Records excerpted from a collection
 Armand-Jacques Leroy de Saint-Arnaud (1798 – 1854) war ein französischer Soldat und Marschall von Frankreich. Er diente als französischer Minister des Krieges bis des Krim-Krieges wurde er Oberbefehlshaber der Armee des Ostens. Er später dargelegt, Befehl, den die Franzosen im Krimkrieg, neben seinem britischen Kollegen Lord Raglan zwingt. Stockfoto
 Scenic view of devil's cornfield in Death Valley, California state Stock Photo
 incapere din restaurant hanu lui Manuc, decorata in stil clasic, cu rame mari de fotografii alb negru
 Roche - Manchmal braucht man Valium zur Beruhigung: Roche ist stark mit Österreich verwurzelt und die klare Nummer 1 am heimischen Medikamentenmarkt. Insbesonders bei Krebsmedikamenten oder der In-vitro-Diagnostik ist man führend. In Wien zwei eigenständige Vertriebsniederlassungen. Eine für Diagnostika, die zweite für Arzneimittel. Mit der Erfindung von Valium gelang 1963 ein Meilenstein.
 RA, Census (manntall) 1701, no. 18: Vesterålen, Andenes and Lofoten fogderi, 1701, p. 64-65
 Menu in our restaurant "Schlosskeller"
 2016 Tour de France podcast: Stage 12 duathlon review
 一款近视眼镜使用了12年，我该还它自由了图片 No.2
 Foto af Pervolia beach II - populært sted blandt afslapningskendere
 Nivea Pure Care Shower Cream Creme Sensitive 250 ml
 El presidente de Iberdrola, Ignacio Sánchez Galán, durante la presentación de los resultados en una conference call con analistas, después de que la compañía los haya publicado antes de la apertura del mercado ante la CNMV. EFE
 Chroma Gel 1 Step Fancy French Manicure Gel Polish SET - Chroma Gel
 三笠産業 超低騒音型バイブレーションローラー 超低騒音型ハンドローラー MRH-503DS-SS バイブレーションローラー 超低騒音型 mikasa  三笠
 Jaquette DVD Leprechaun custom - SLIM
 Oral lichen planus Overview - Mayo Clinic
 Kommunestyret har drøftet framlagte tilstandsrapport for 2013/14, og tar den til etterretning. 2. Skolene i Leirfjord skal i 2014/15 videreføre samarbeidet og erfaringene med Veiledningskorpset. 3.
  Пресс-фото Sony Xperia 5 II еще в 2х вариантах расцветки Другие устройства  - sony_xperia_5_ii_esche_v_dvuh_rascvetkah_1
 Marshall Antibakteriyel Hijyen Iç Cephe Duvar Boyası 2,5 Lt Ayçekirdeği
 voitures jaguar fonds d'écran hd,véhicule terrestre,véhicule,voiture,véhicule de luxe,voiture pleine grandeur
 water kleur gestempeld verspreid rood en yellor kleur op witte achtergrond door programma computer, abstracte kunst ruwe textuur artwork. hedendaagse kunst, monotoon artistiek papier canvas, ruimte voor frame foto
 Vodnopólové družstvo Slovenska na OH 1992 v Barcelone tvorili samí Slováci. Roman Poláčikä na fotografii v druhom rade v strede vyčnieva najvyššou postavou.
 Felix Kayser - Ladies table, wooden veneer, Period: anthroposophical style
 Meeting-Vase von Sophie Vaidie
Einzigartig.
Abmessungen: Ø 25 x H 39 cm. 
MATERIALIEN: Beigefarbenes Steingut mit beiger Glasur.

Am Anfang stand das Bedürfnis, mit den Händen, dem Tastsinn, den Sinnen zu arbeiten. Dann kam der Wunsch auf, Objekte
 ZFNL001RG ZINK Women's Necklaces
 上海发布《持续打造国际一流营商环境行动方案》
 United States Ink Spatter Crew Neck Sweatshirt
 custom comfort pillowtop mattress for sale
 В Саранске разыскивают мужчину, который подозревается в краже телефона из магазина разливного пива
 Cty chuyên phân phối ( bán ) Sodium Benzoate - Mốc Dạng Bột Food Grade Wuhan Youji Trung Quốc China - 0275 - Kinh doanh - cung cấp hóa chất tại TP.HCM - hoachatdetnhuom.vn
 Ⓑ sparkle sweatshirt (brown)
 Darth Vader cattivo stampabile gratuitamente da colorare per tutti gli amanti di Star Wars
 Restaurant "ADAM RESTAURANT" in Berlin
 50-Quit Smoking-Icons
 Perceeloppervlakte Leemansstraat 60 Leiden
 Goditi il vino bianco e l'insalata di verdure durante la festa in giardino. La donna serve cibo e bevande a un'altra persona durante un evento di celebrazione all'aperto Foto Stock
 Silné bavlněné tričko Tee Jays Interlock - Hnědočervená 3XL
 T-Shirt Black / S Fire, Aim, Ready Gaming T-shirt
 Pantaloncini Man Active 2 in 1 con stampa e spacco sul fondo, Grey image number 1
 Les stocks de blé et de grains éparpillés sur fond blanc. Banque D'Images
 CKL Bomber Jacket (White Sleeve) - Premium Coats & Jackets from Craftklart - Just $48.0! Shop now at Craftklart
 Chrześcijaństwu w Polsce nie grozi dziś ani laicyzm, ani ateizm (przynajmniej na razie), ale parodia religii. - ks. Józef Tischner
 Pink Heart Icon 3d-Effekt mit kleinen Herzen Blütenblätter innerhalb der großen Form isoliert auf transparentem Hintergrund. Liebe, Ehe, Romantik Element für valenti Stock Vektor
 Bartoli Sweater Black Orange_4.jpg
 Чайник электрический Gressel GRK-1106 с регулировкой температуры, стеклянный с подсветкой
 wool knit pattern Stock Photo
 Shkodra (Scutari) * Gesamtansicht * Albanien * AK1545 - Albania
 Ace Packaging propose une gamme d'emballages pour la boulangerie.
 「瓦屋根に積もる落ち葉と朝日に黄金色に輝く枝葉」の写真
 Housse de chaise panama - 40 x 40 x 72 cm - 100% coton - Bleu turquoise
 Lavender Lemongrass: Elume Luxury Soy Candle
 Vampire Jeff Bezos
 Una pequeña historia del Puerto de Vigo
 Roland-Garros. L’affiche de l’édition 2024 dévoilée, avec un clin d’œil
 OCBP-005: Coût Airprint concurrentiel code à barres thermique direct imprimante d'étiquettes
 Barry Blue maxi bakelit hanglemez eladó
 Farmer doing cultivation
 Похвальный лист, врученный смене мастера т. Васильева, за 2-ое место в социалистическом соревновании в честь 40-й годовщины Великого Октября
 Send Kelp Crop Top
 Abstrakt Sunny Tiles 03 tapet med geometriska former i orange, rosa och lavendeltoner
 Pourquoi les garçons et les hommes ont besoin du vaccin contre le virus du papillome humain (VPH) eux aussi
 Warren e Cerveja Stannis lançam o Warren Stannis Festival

**Work instructions:** Take from the entries every line that has the string "Black".

**Solution for this problem:**
 T-Shirt Black / S Fire, Aim, Ready Gaming T-shirt
 Bartoli Sweater Black Orange_4.jpg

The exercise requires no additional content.